#### Provided data
○ ○ ○ ○ ○

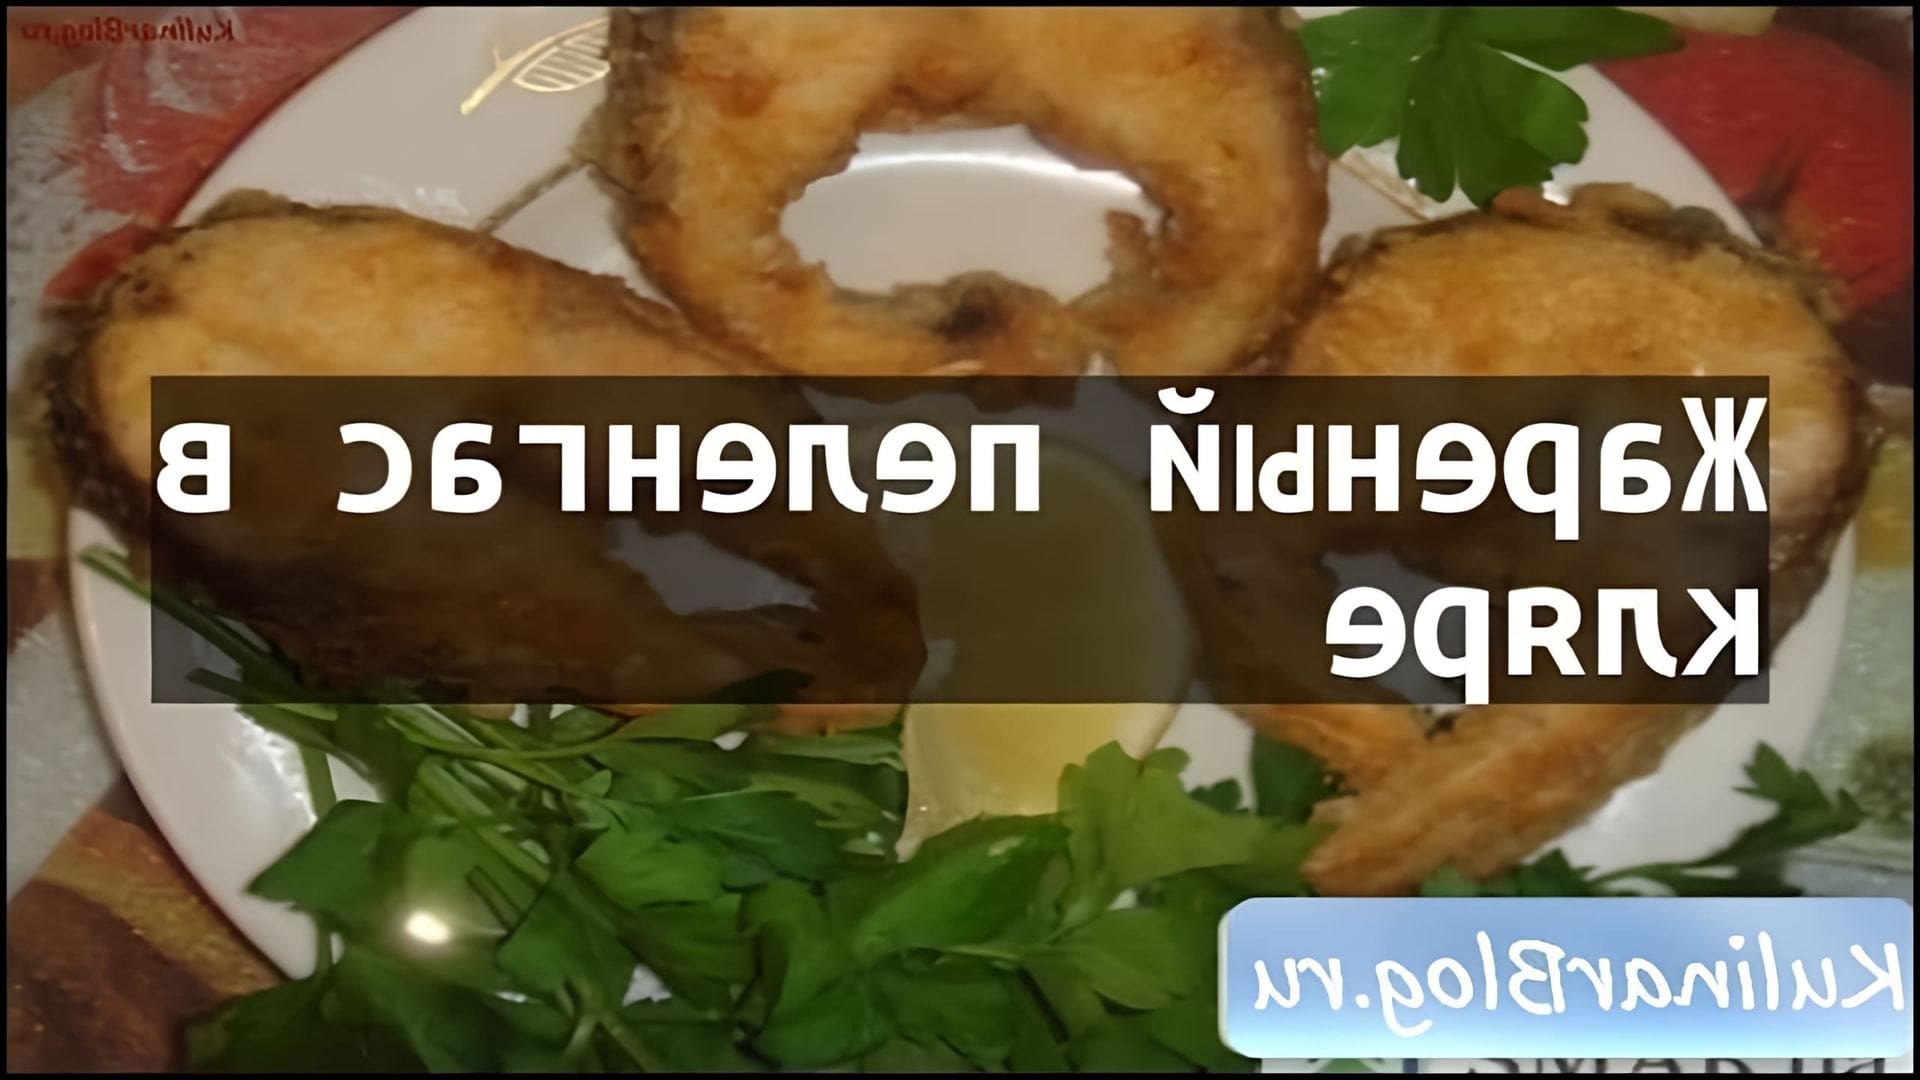 Рецепт Жареный пеленгас вкляре - это видео-ролик, который демонстрирует процесс приготовления вкусного и полезного блюда из рыбы
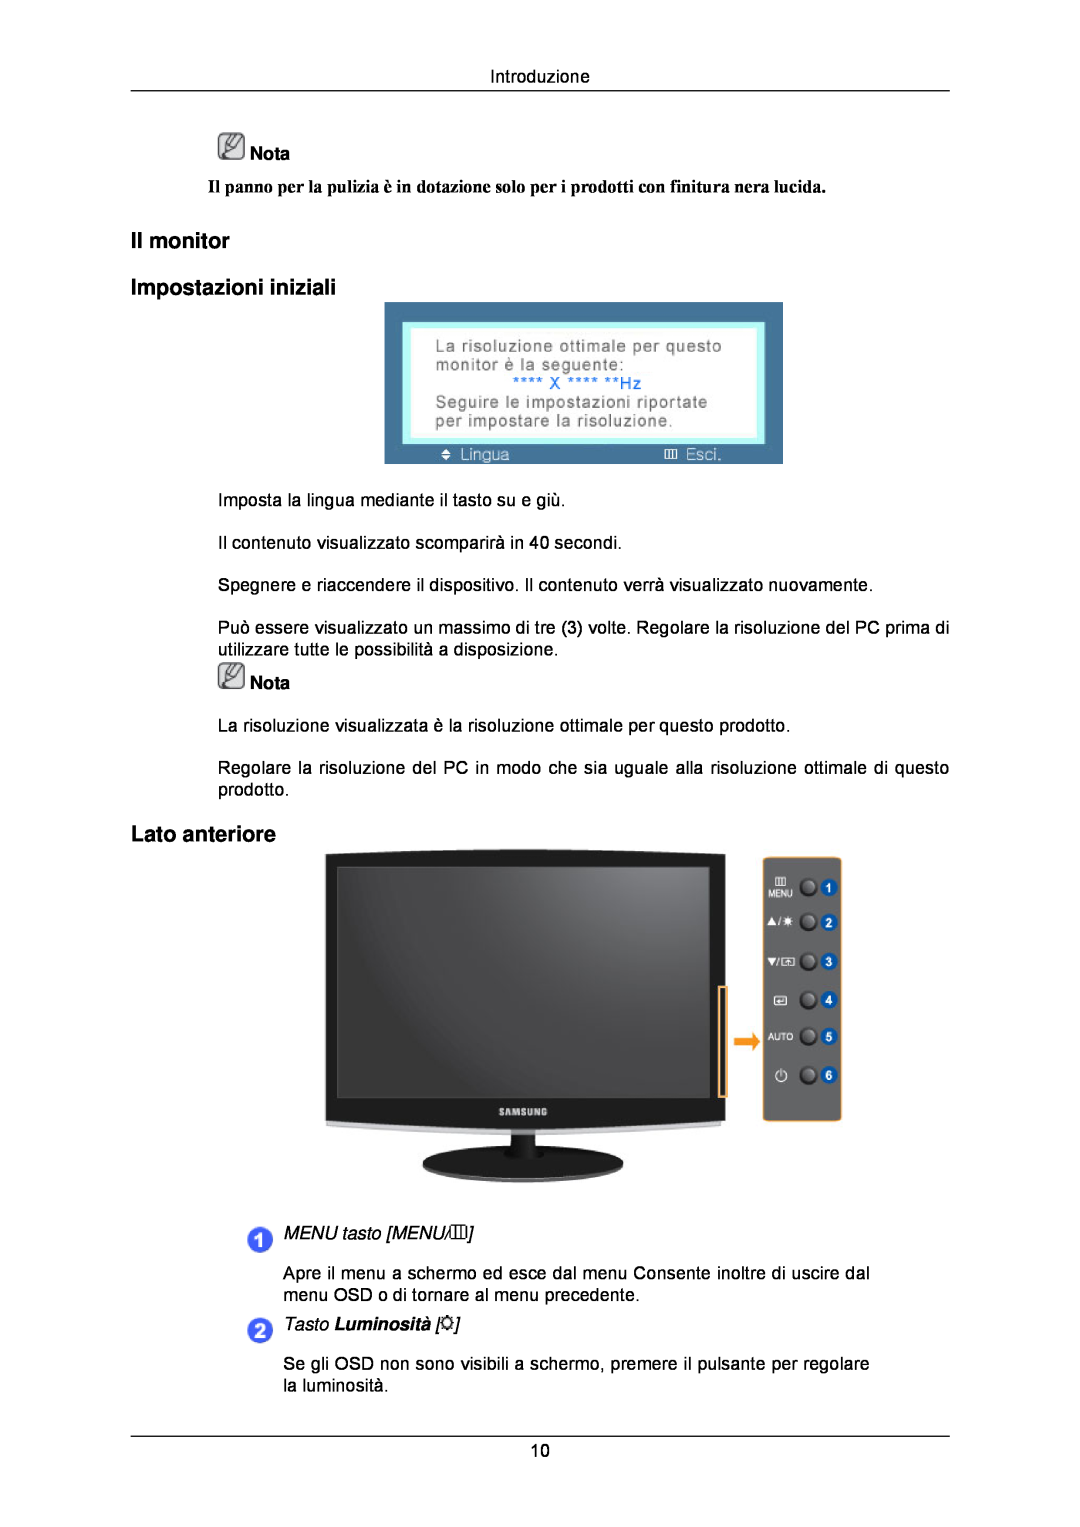 Samsung LS24CMKKFV/EN manual Il monitor Impostazioni iniziali, Lato anteriore, Tasto Luminosità 
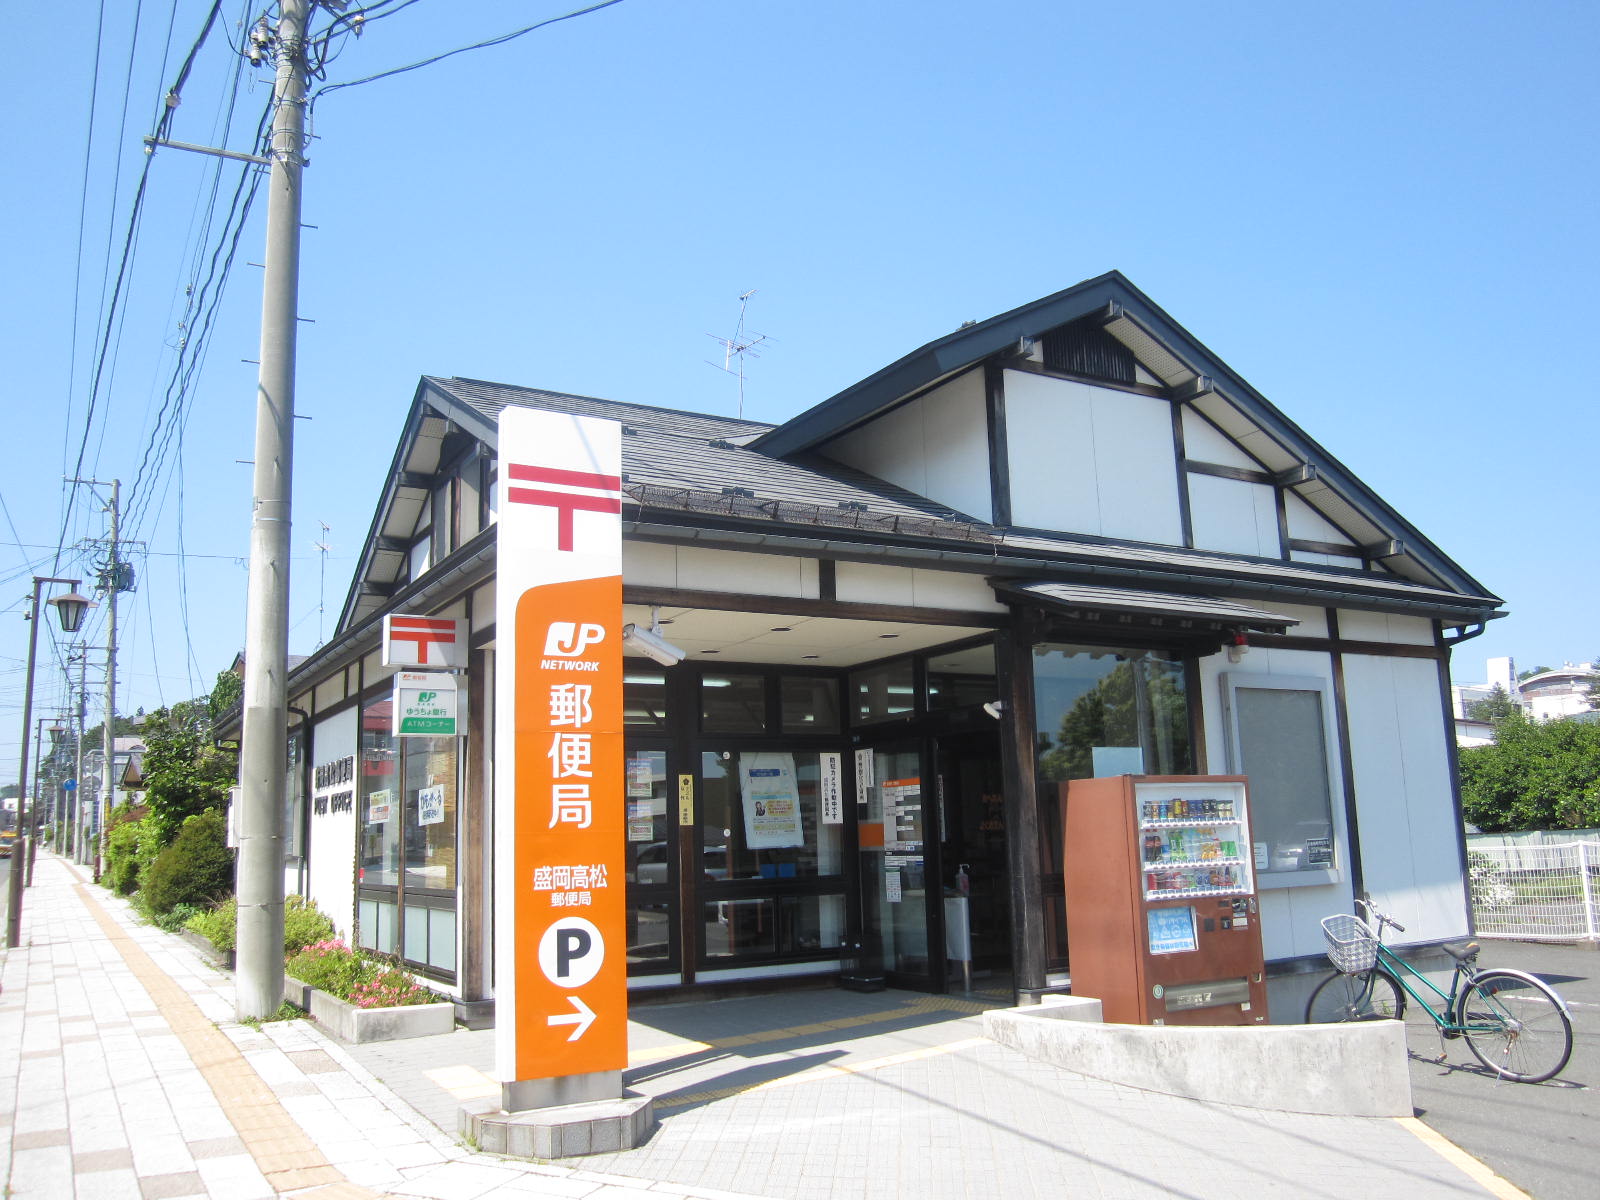 post office. 298m to Morioka Takamatsu post office (post office)

○ ○ ○ ○ ○

#### Problem description
Leaving the pictures out, print every line of the listing exactly.

#### Exercise answer
 Рецепт Жареный пеленгас вкляре - это видео-ролик, который демонстрирует процесс приготовления вкусного и полезного блюда из рыбы
 Samsung LS24CMKKFV/EN manual Il monitor Impostazioni iniziali, Lato anteriore, Tasto Luminosità 
 post office. 298m to Morioka Takamatsu post office (post office)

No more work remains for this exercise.